We demonstrate that a mutation in one of the multicopy mouse U2 snRNA genes causes defects in pre-mRNA splicing leading to neurodegeneration. U2 snRNAs play an essential role in formation of the catalytically active spliceosome by base pairing with both the intron branch point and the U6 snRNA (Wahl et al., 2009
). Expression of the mutant U2 snRNA alters pre-mRNA splicing at selective splice sites that are often associated with alternative splicing demonstrating that U-snRNA dysfunction, like downregulation of core spliceosomal proteins, can influence splice site choice (Corioni et al., 2011
; Park et al., 2004
; Saltzman et al., 2011
; Shaw et al., 2007
One of the main pathological features of the NMF291−/−
cerebellum is the increased retention of small introns, which likely represent a unique spliceosomal substrate. Unlike splicing of large introns, which is thought to first occur by pairing of splice sites across the exons (“exon definition”), splicing of short introns likely occurs by pairing of 5' and 3' splice sites across the intron (“intron definition”) (Berget, 1995
). Furthermore, even under normal physiological conditions many of the highly retained introns in the mutant cerebellum are not fully spliced, consistent with the observation that weak splicing sites often flank small introns (Lim and Burge, 2001
; Sakabe and de Souza, 2007
). Given the disruption of short intron splicing and other alternative splicing events, it is plausible that mutant U2 snRNPs are fully functional on optimal, but not suboptimal, substrates ().
Interestingly, we found that mRNA-processing genes were significantly enriched among the alternative splicing events differentially expressed between the wild type and mutant cerebellum, suggesting that neurons may utilize alternative splicing to regulate the function of proteins involved in RNA splicing and processing in an effort to restore splicing homeostasis. Indeed, studies have shown that a number of splicing regulators autoregulate their expression and activity via transcriptional feedback loops and alternative splicing (Ni et al., 2007
; Saltzman et al., 2011
; Wollerton et al., 2004
). However, rather than reestablishing homeostasis, these splicing alterations could in fact act to amplify the amount of abnormal splicing and ultimately prove deleterious. It will be intriguing to see whether the expression level and/or alternative splicing status of these mRNA-processing genes is also affected in SMA patients or ALS/FTD patients with mutations in TDP-43 or FUS/TLS.

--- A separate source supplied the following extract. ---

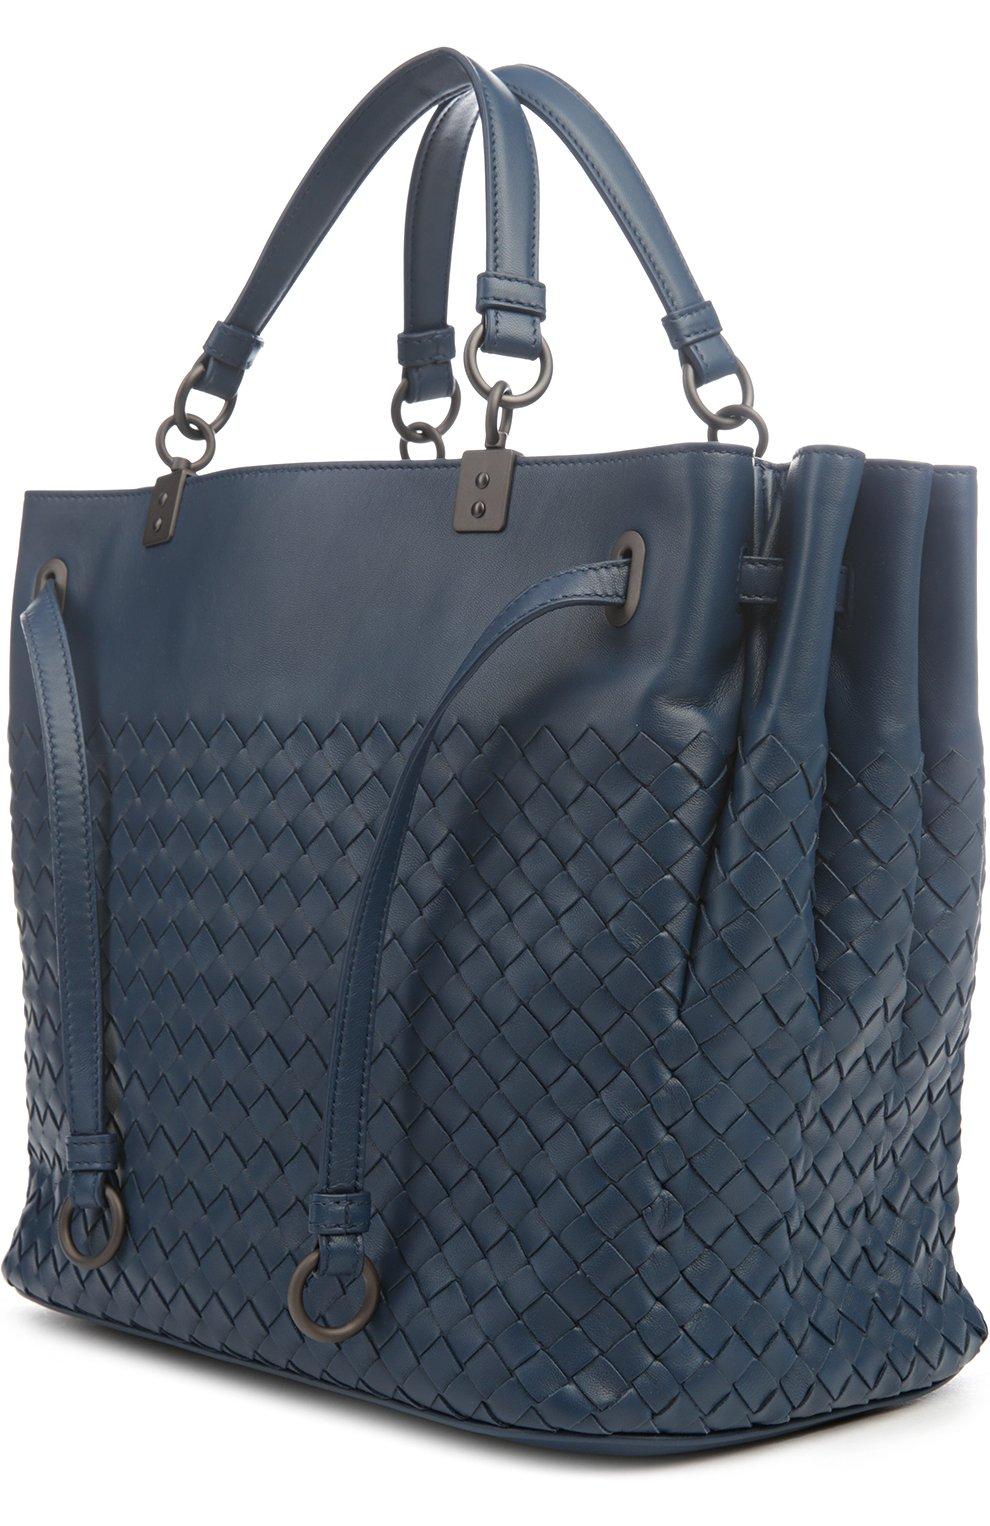 e33c16183889 Кожаная сумка с плетением intrecciato Bottega Veneta синяя цвета | Фото №3

The ultimate cause of neuron death in the mutant cerebellum is unclear. Cell death could be caused by the generation of proteins with altered function or by the production of RNAs containing abnormal sequences, which could themselves be toxic as previously reported for trinucleotide repeat expansion diseases (Li et al., 2008
). Retained introns may also contribute to neuron death by sequestering splicing regulators and/or other RNA binding proteins. In addition, many of these introns likely harbor premature translation termination codons (PTCs) that would be predicted to trigger the nonsense-mediated mRNA-decay (NMD) pathway. In addition to its role in degradation of abnormal transcripts, NMD also regulates many natural PTC-containing transcripts, including those involved in synaptic physiology and cellular stress (Gardner, 2010
; Giorgi et al., 2007
). Enhanced and/or prolonged NMD activation could overwhelm the NMD pathway, causing dysregulation of natural NMD targets that might be essential for cell survival, or itself cause cellular stress.
Finally, our data demonstrate the potential for disease-causing mutations in multicopy genes. While a single U2 gene is present in yeast, multiple copies of these genes exist in higher organisms, each producing identical or nearly identical products. Indeed, the region on human Chromosome 17p21 homologous to the (Rnu2–6
-containing) region on mouse Chromosome 11 also contains a cluster of stably inherited U2 genes that vary in copy number from 5 to 25 (Van Arsdell and Weiner, 1984
; Westin et al., 1984
). In addition to our findings of temporal and spatial regulation of a mouse U2 gene, developmental regulation of other snRNA genes, including U2 snRNA genes, has been reported (Forbes et al., 1984
; Lund et al., 1985
; Sierra-Montes et al., 2005
; Stefanovic et al., 1991
). Furthermore, the developmental arrest associated with homozygosity for a mutation in one of twelve C. elegans U1 genes raises possibility of differences in expression and/or function between C. elegans U1 genes (Zahler et al., 2004
). Whether individual human U2s (or other multicopy genes) are differentially expressed during development, in different cell types, or even as a result of pathogenic processes is unknown. However, the potential for discrete regulation of individual members of multigene families, combined with their potential for copy number variation, increases the prospect of uncovering novel disease-causing mutations in repetitive genes.